New Delhi

Somehow, even those who lay great store regarding important anniversaries have simply forgotten a resonant and significant one: forty-five years ago, in 1969, prime minister Indira Gandhi convinced Parliament to amend the Companies Act and impose a total ban on corporate giving to political parties. The ban signified an attempt at eliminating the most important legal source of election funds.

There of course was one major lacunae in the proposal which negated the earnestness behind the move. The proposal did not provide for an alternative financing mechanism, and far from abolishing the link between business and politics, it effectively pushed campaign finance underground, an affliction that exists to the present day. As a recent analysis has pointed out, it’s an open secret that the opaque funding of elections represents the single-biggest driver of political corruption and criminality in India.

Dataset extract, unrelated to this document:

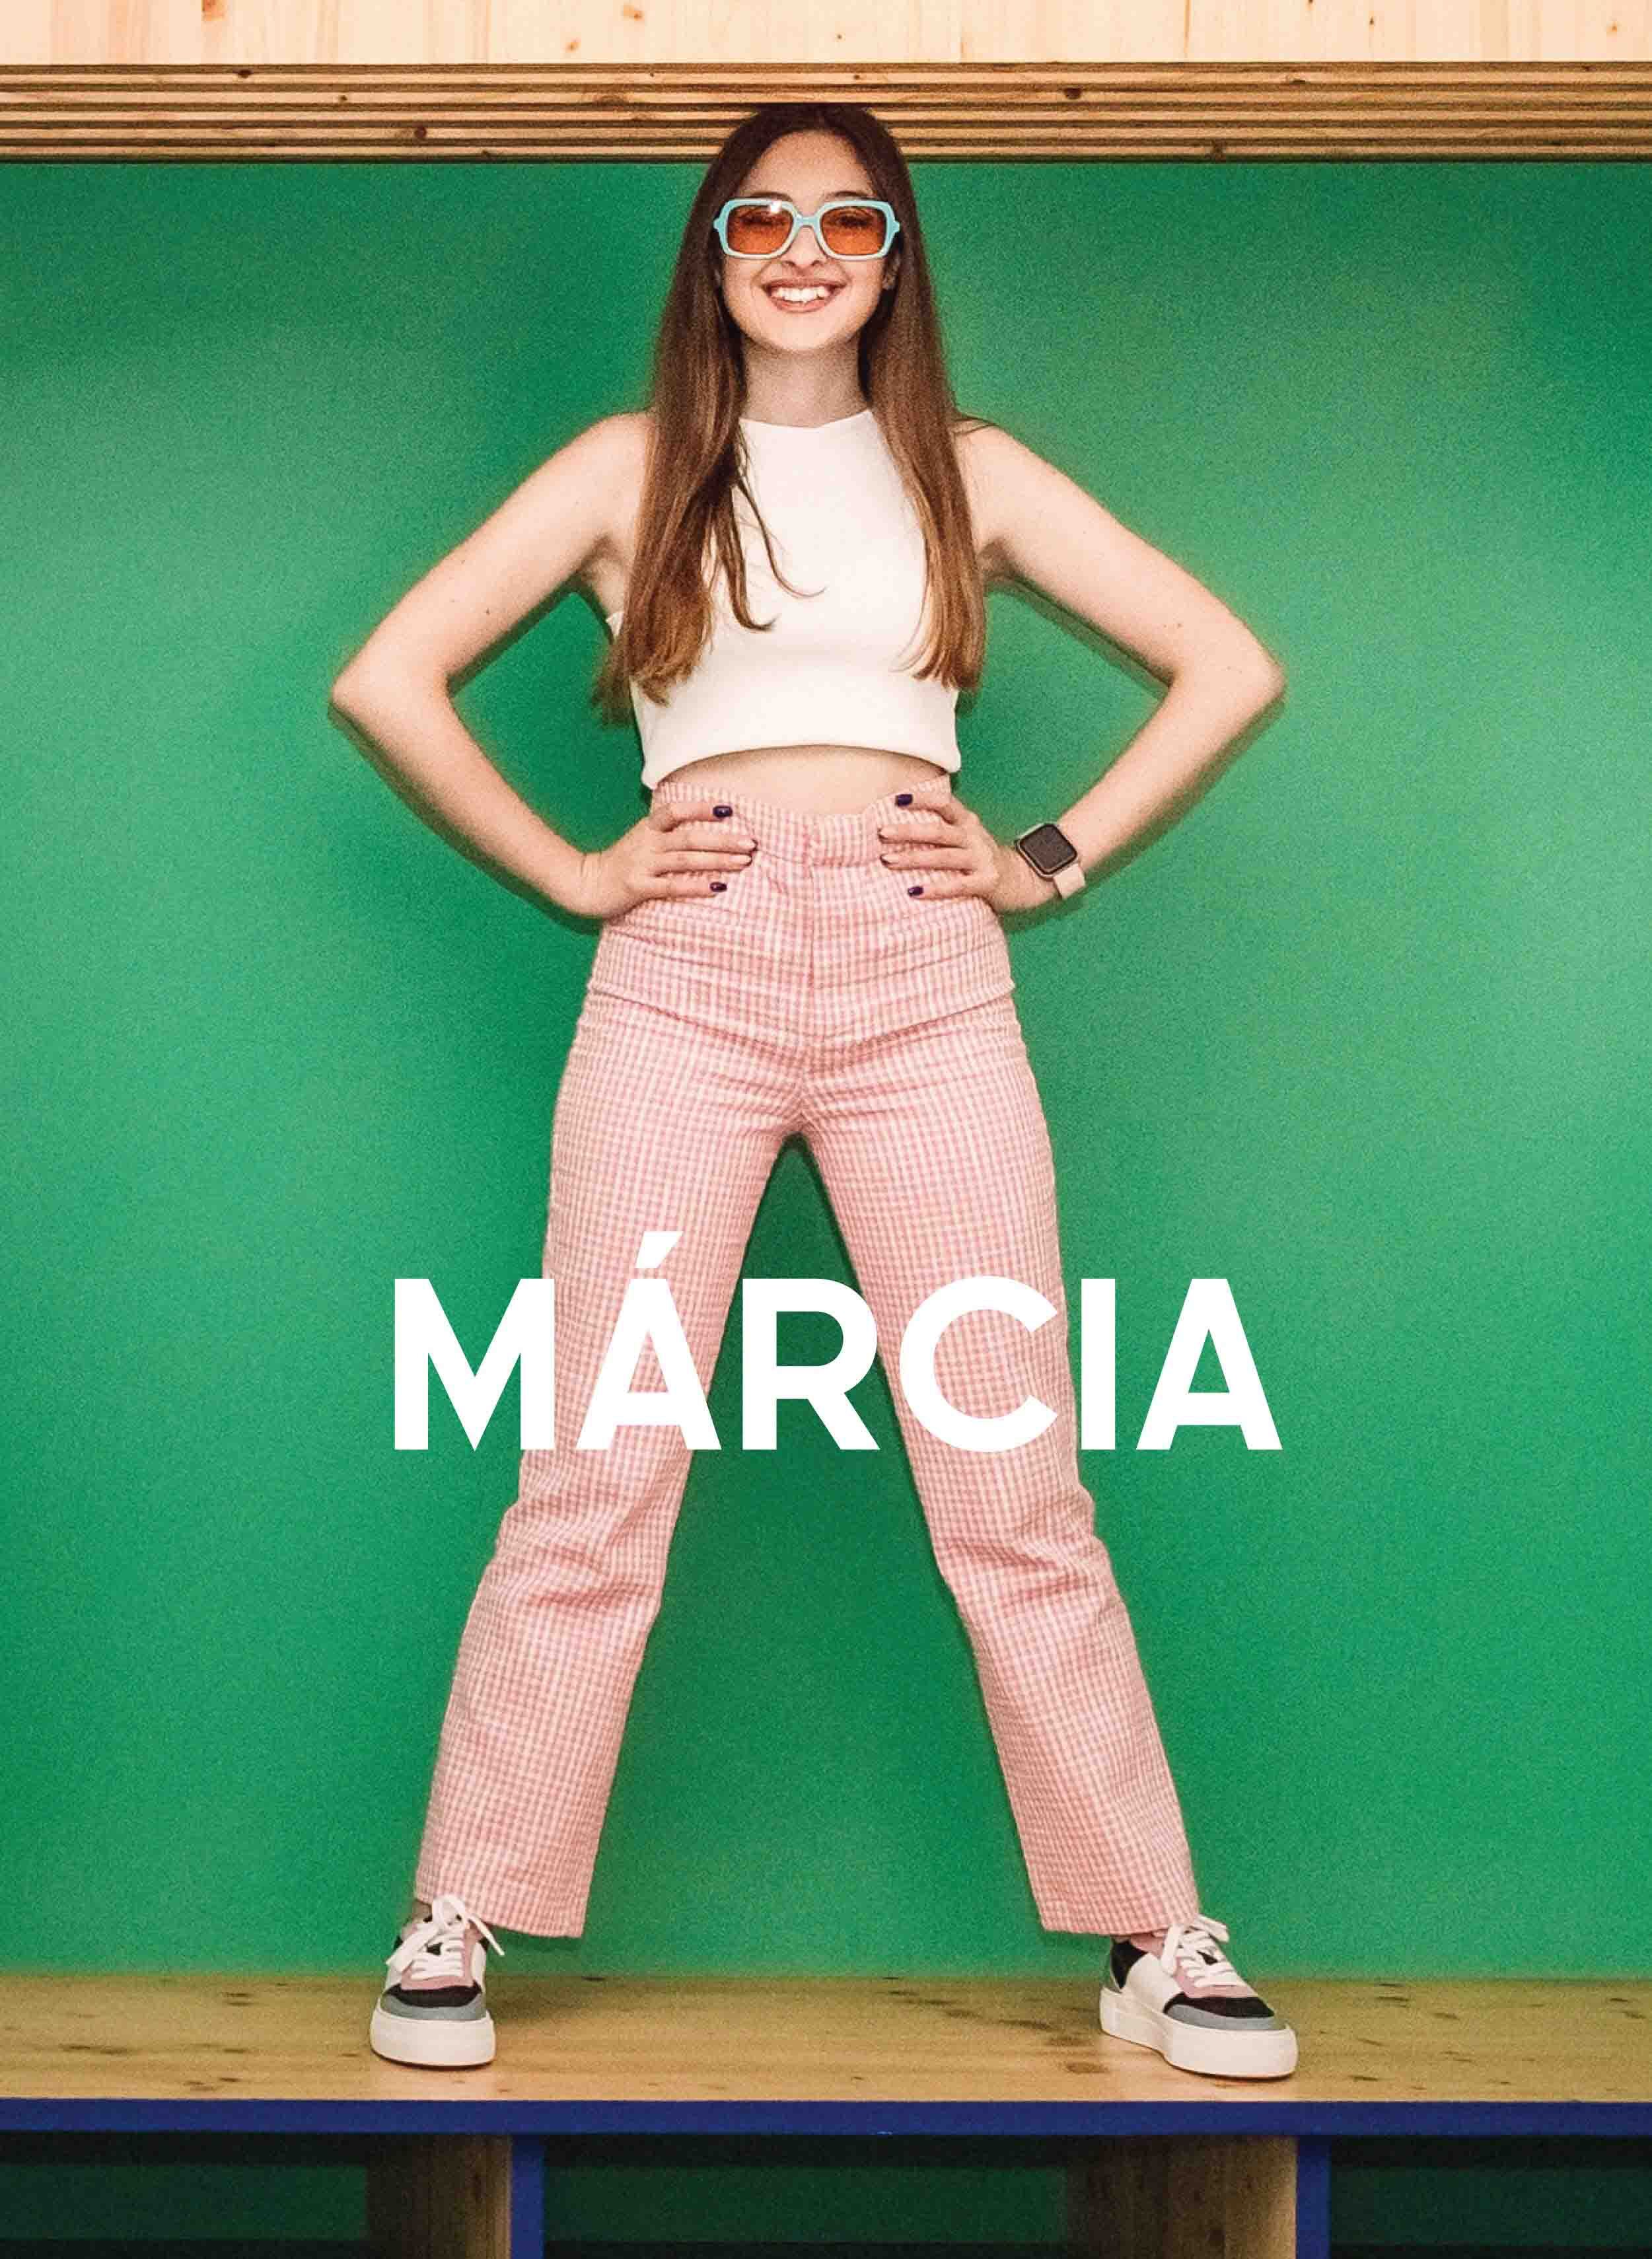 Márcia in a white top and red checked trousers, smiling with her hand on her waist, wearing Diverge sneakers, promoting social impact and custom shoes throught the imagine project.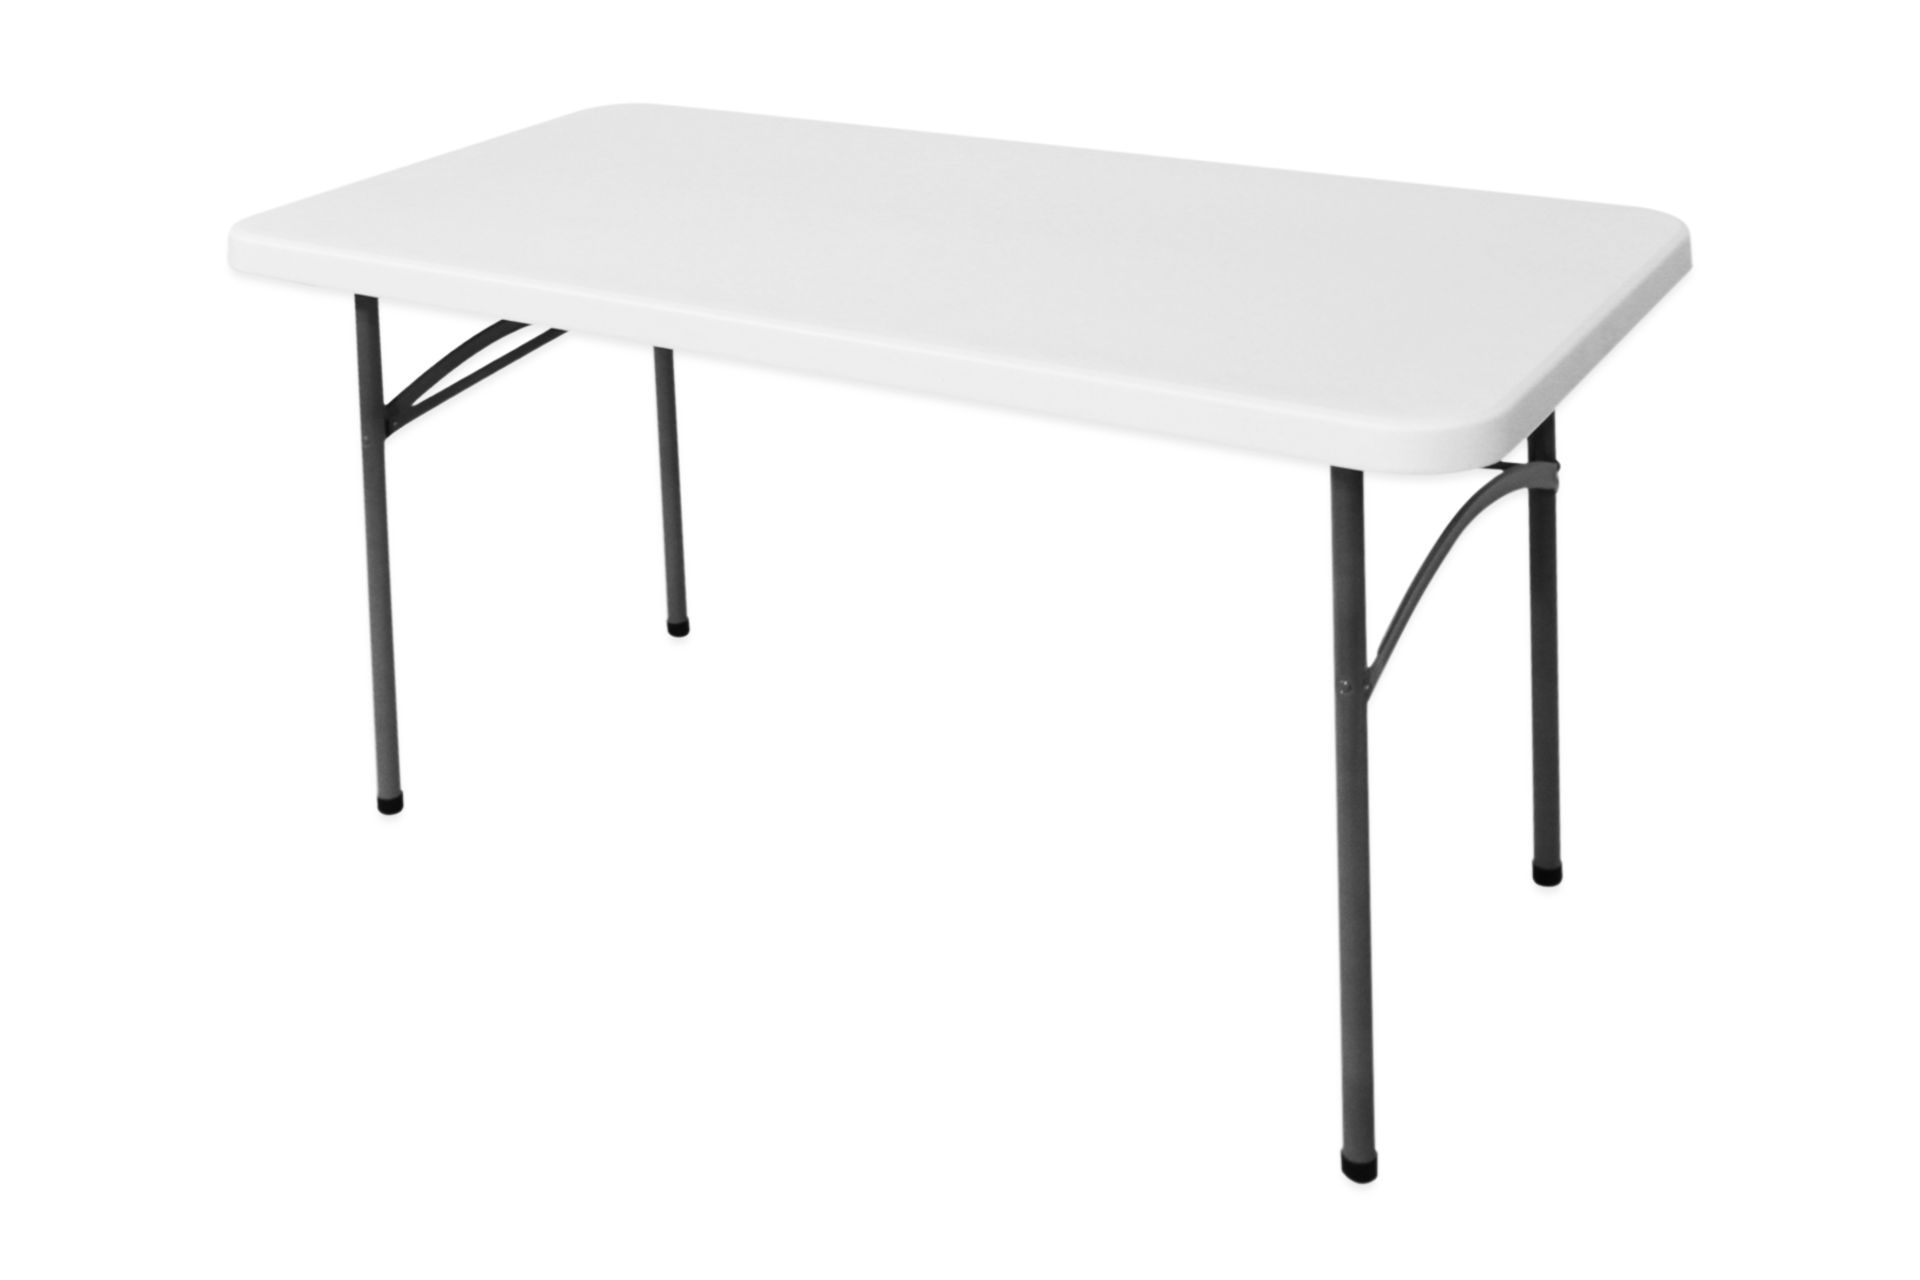 V *TRADE QTY* Grade A 4ft Plastic Trestle Table X 40 YOUR BID PRICE TO BE MULTIPLIED BY FORTY - Image 2 of 4

As early as 1964, the government-appointed Santhanam Committee warned of the corrosive effects of collusion between businessmen and politicians. Indira Gandhi was perhaps alarmed by the swell of corporate support for right-wing opposition parties like the Swatantra Party and the Jana Sangh, as well as the threat the business-friendly Congress veterans who comprised the Syndicate posed to her leadership within the Congress, yearned to cut them down to size.

The truth of the matter is that no government has had the courage to substitute private sources of party funds with state-funding of elections or party expenses. Black money has become institutionalised.

The ban, according to the American political scientist Stanley Kochanek ushered in an era of “briefcase politics.” It spurred the rise of individuals and organisations, especially those with criminal backgrounds, who had access to unaccounted money and were thus sought after by parties for their ability to discreetly aggregate and distribute cash. In the initial decades of the republic, the Congress had contracted with all manner of lawbreakers and mercenaries to quietly manage elections. Now, such characters were openly embraced by all almost every party.

Two decades later (in 1985) recognising the folly of the ban, the Congress government of Rajiv Gandhi once again legalised corporate giving, but corporate contributions remained under the table. By this stage, the exchange of political favours for illicit cash had become so deeply entrenched that re-legalisation garnered little support. Companies had little incentive to be transparent as it could prompt retribution from politicians or parties that had not received funds. Parties remained opposed because the prevailing system minimised accountability to funders or party members.

The Association for Democratic Reforms (ADR) reports that 75 per cent of the income of India’s six major parties comes from undocumented sources. Around half of these funds came in a period of four months around elections, largely in cash (for the Congress, this figure stood around 90 per cent). But party resources are a drop in the bucket because candidates are expected to foot the vast majority of their campaign expenditures. Ironically, while politicians of all stripes complain about unrealistically low campaign spending limits, candidates also routinely report spending just over half what they are legally entitled to (in reality, campaign spending exceeds the prescribed limit by several orders of magnitude).

Furthermore, despite claims that 2014 marked India’s “good governance” election, a record number of MPs with criminal records (34 per cent) now grace the halls of the Lok Sabha. Twenty-one per cent of these lawmakers face serious charges like murder, attempted murder, and kidnapping. The historical and empirical evidence is clear that the electoral success of “muscle” is due, at least in part, to the advantages of money.

If the ruling dispensation is serious about doing something really effective in this regard, many reckon that it can begin by introducing rules and transparency to limit discretion in heavily state-regulated domains such as land, natural resources, real estate and mining. In the absence of that, no amount of political finance regulation is likely to have much impact. The Election Commission requires new statutory authorities, such as the power to mandate complete transparency for political contributions. Right now, parties need not declare the source of any donation less than Rs 20,000, ceding a party like the BSP the ability to not disclose the identity of a single donor in the past eight years.

Finally, there is the oft-discussed issue of public funding of elections. Until parties adopt strict rules on transparency and intra-party democracy, public subsidies are likely to do more harm than good.